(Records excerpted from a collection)
*** Begin section ***
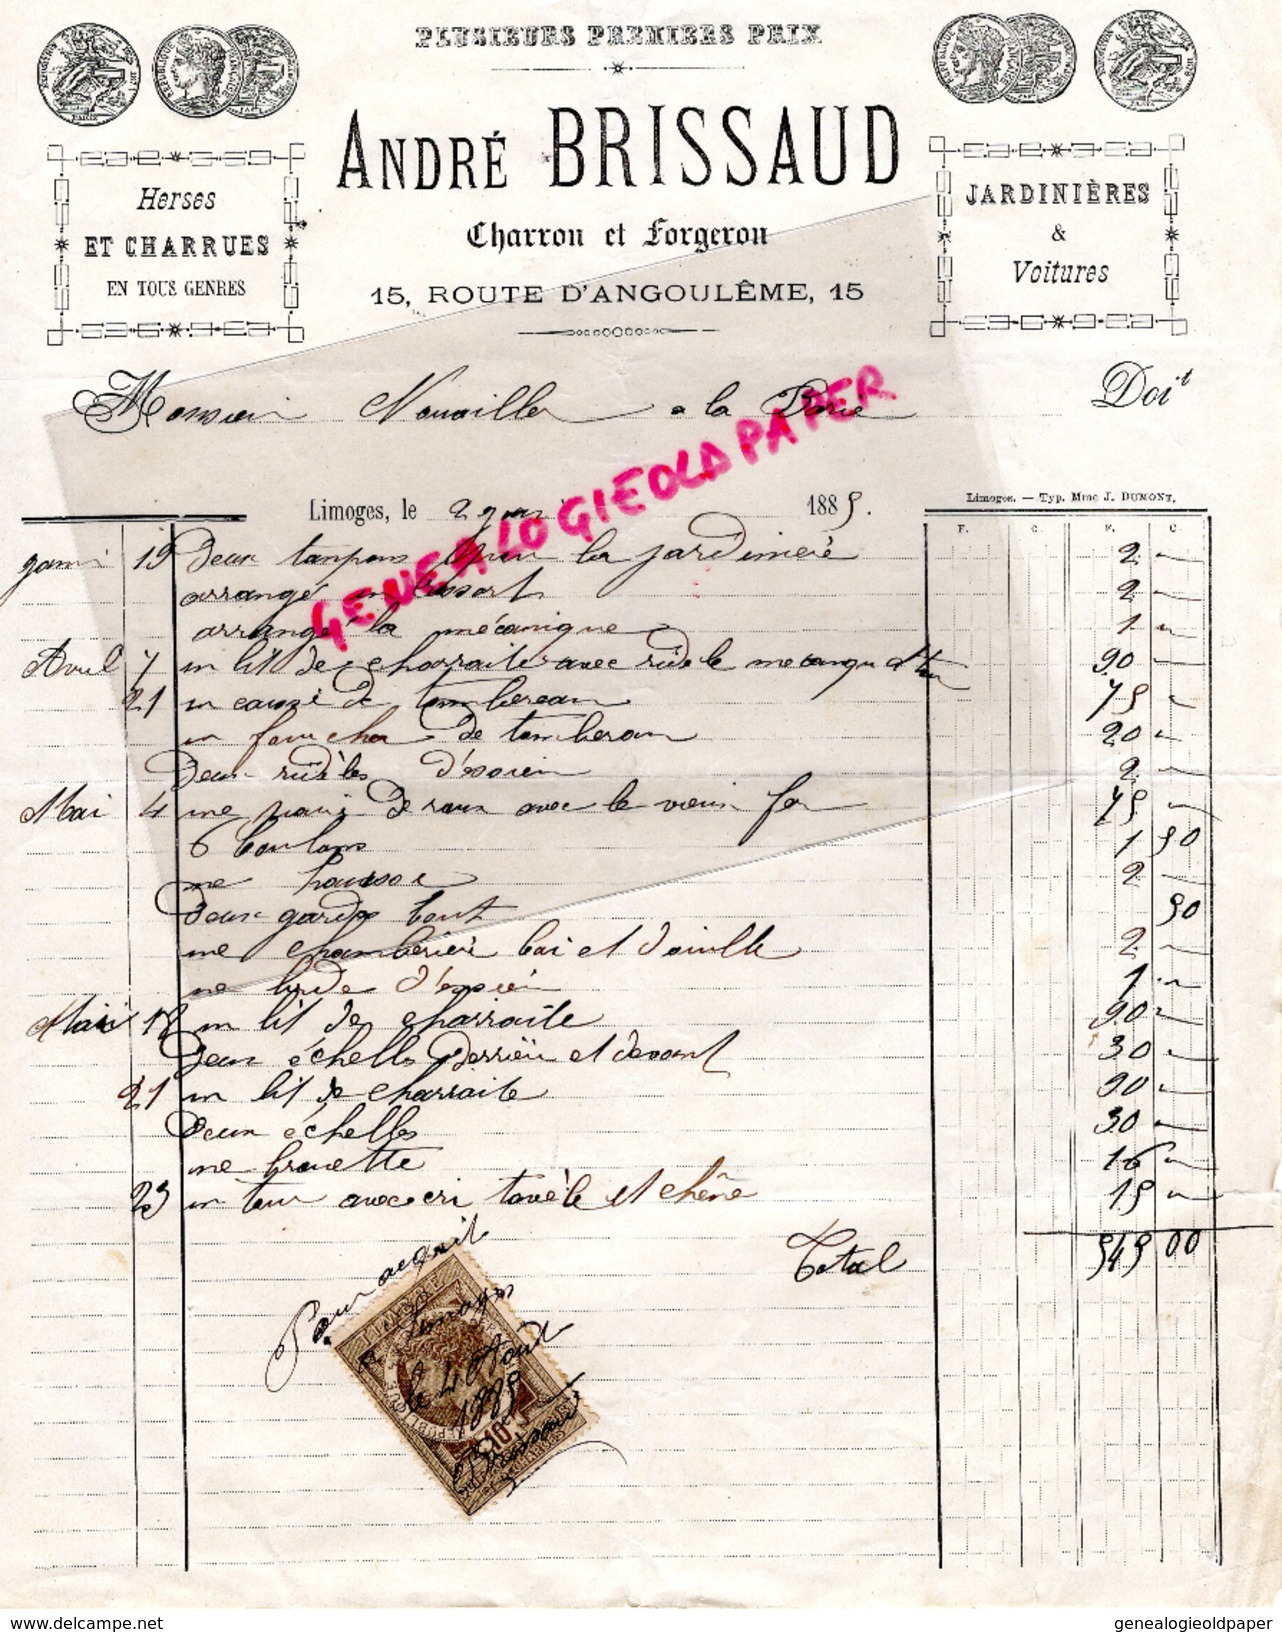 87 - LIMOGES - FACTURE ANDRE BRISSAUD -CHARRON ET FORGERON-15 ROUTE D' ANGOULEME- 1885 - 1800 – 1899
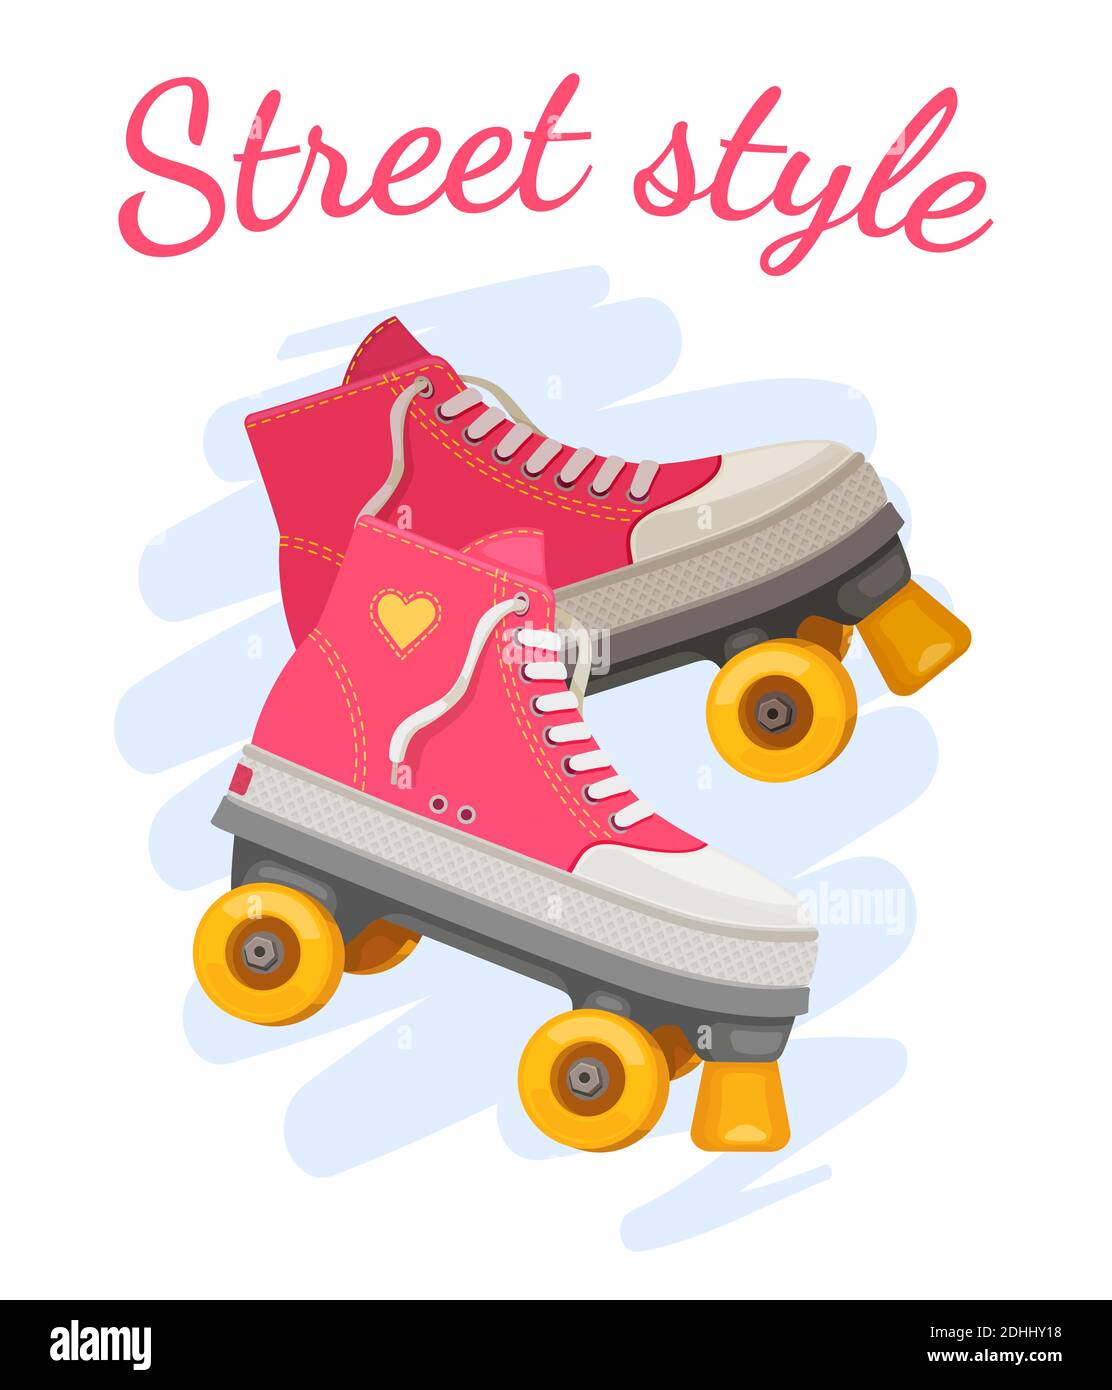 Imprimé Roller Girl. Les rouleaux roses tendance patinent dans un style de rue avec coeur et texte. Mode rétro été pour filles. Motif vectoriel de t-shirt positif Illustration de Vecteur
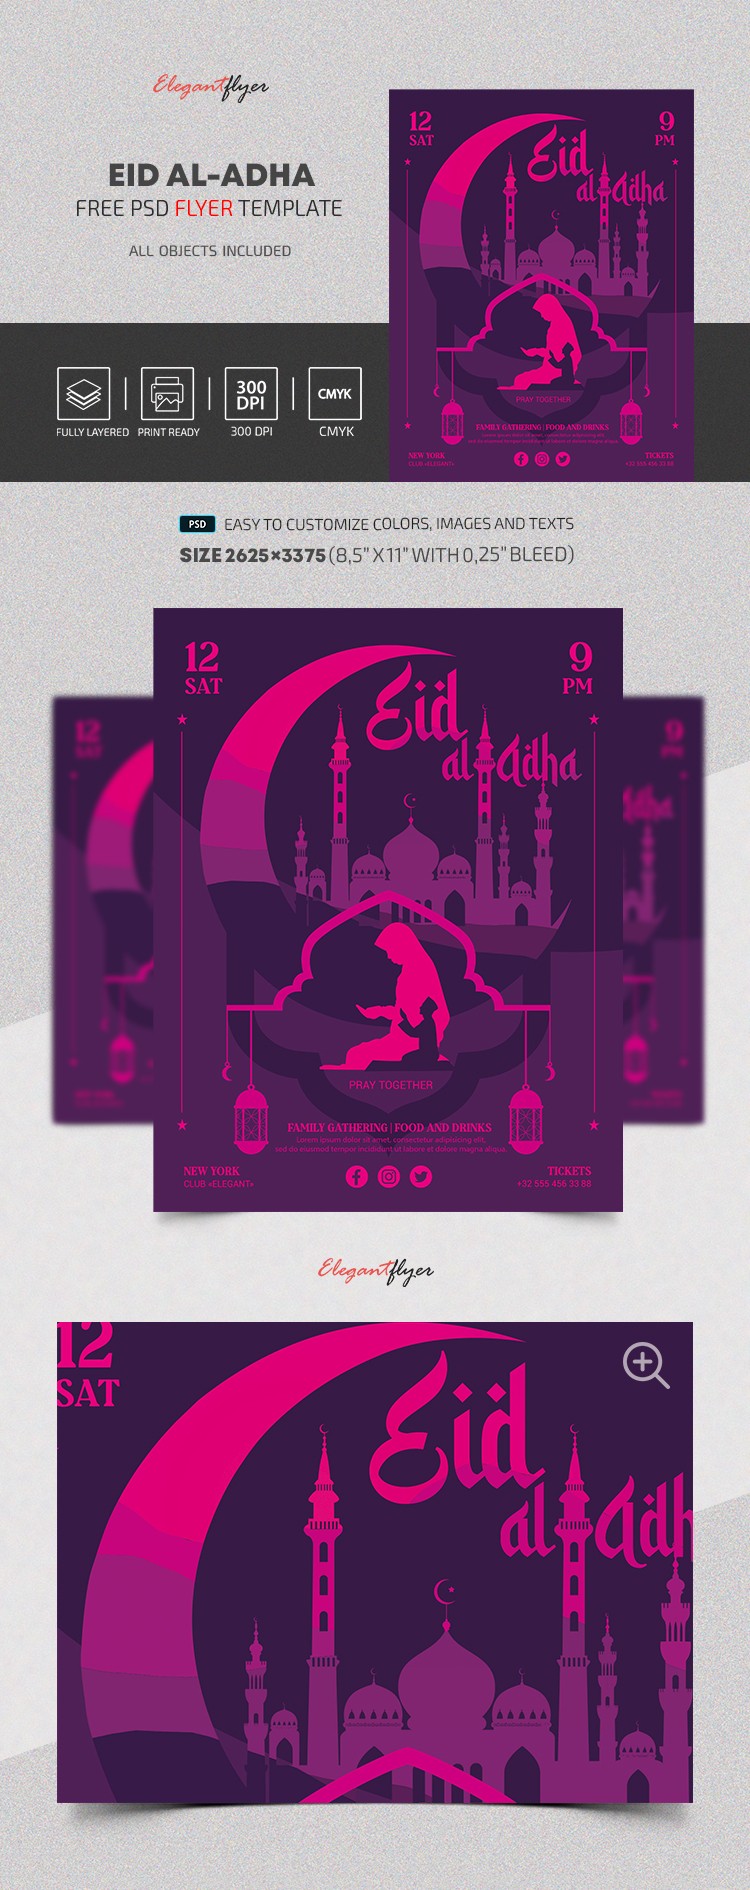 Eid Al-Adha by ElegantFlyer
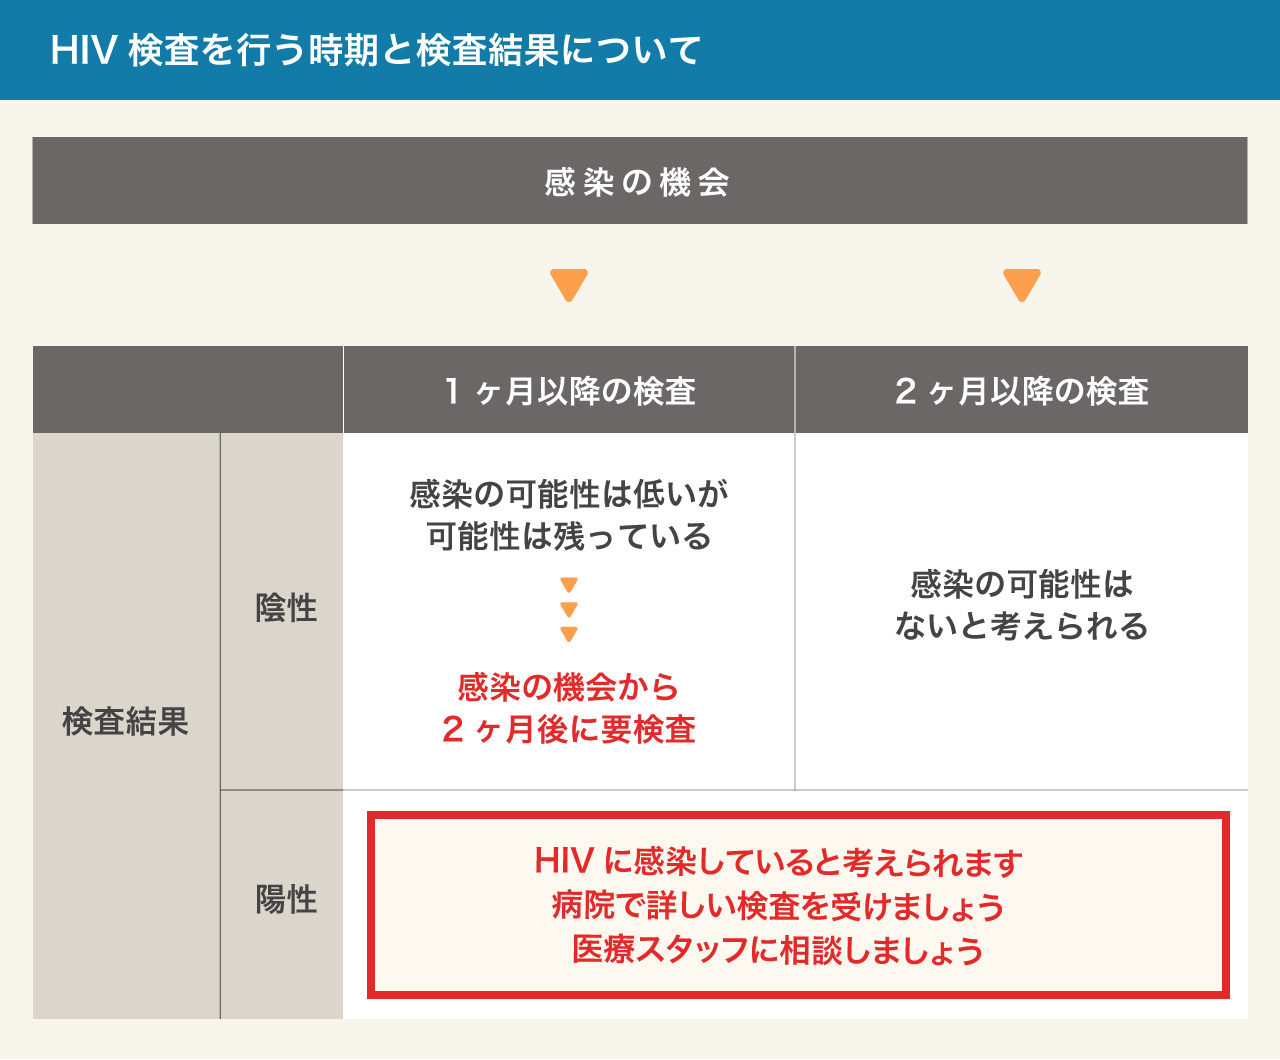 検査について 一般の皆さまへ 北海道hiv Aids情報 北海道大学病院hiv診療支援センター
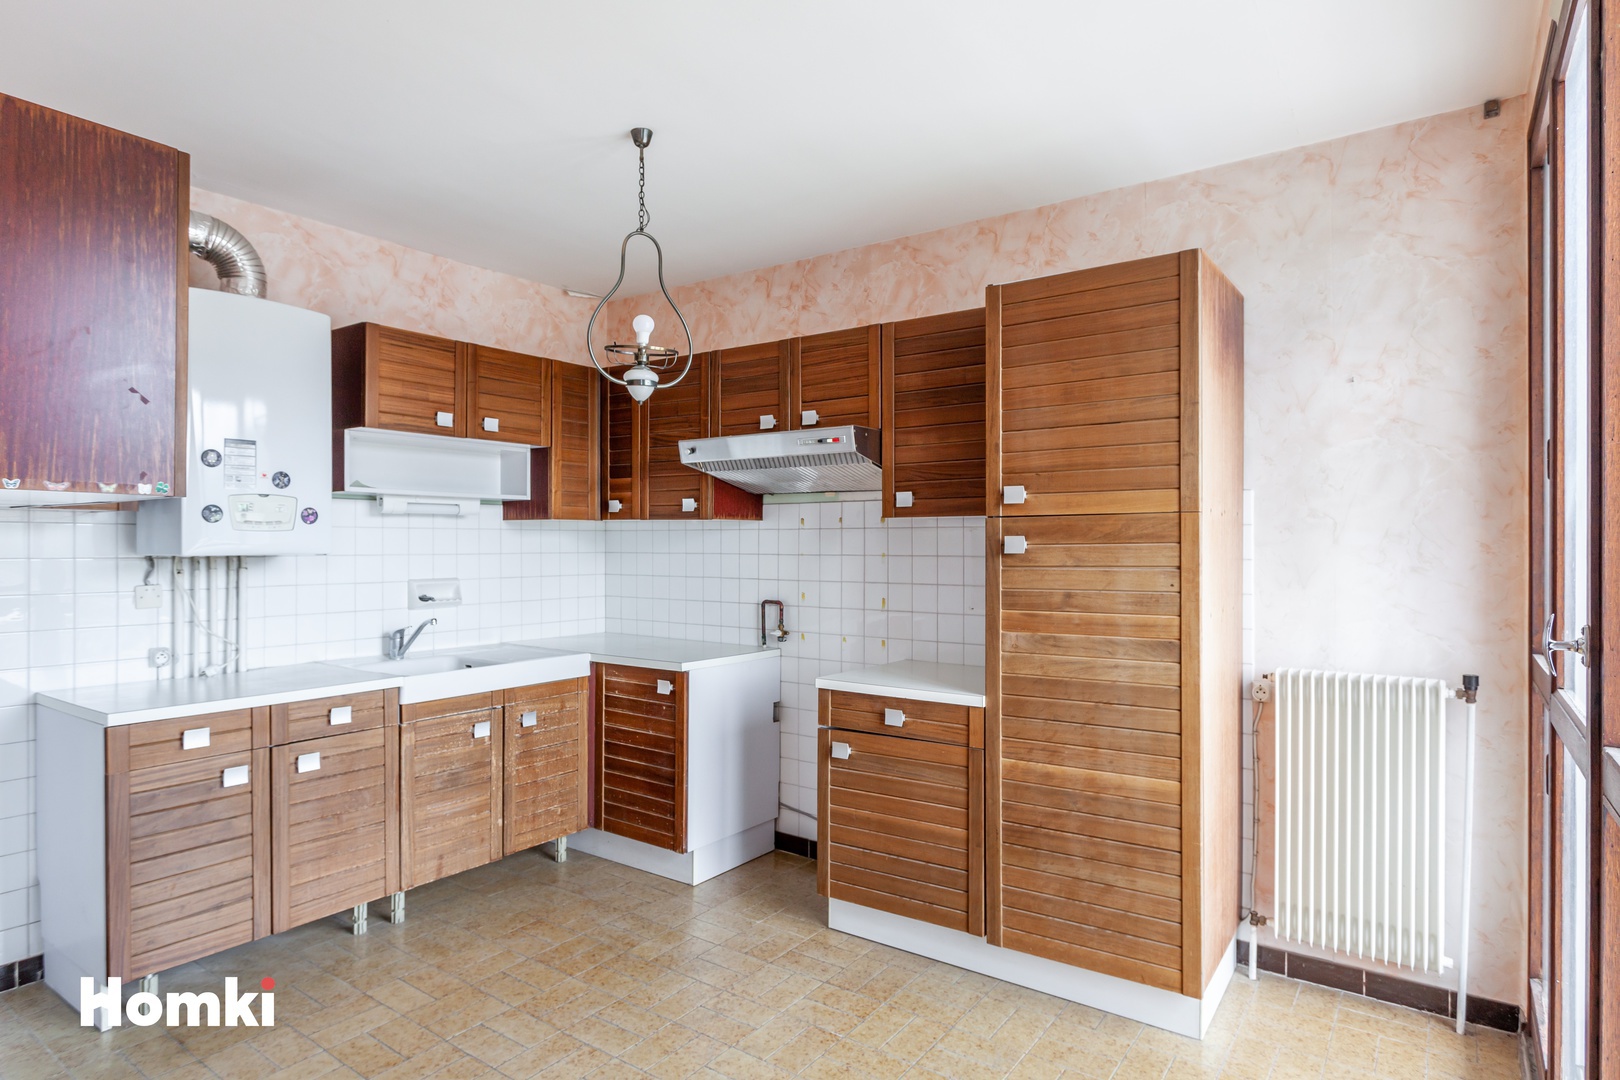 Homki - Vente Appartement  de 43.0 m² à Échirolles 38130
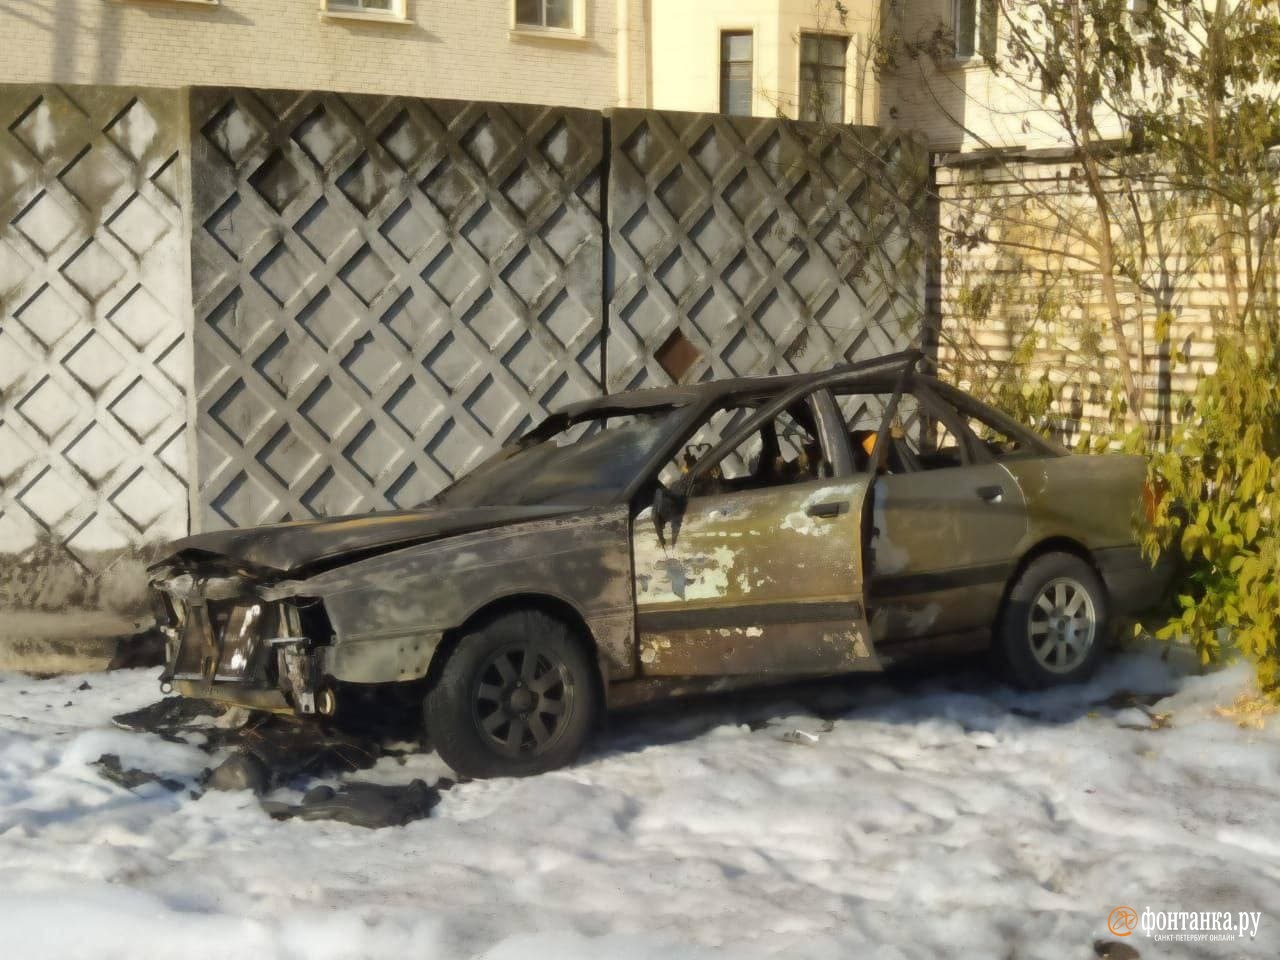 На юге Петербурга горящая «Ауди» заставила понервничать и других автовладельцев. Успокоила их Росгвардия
*** End section ***
Print only the lines from the line that contains "検査について 一般の皆さまへ 北海道hiv" to the final line of the data, inclusive. Pictures stay out.

 検査について 一般の皆さまへ 北海道hiv Aids情報 北海道大学病院hiv診療支援センター
 Homki - Vente Appartement  de 43.0 m² à Échirolles 38130
 На юге Петербурга горящая «Ауди» заставила понервничать и других автовладельцев. Успокоила их Росгвардия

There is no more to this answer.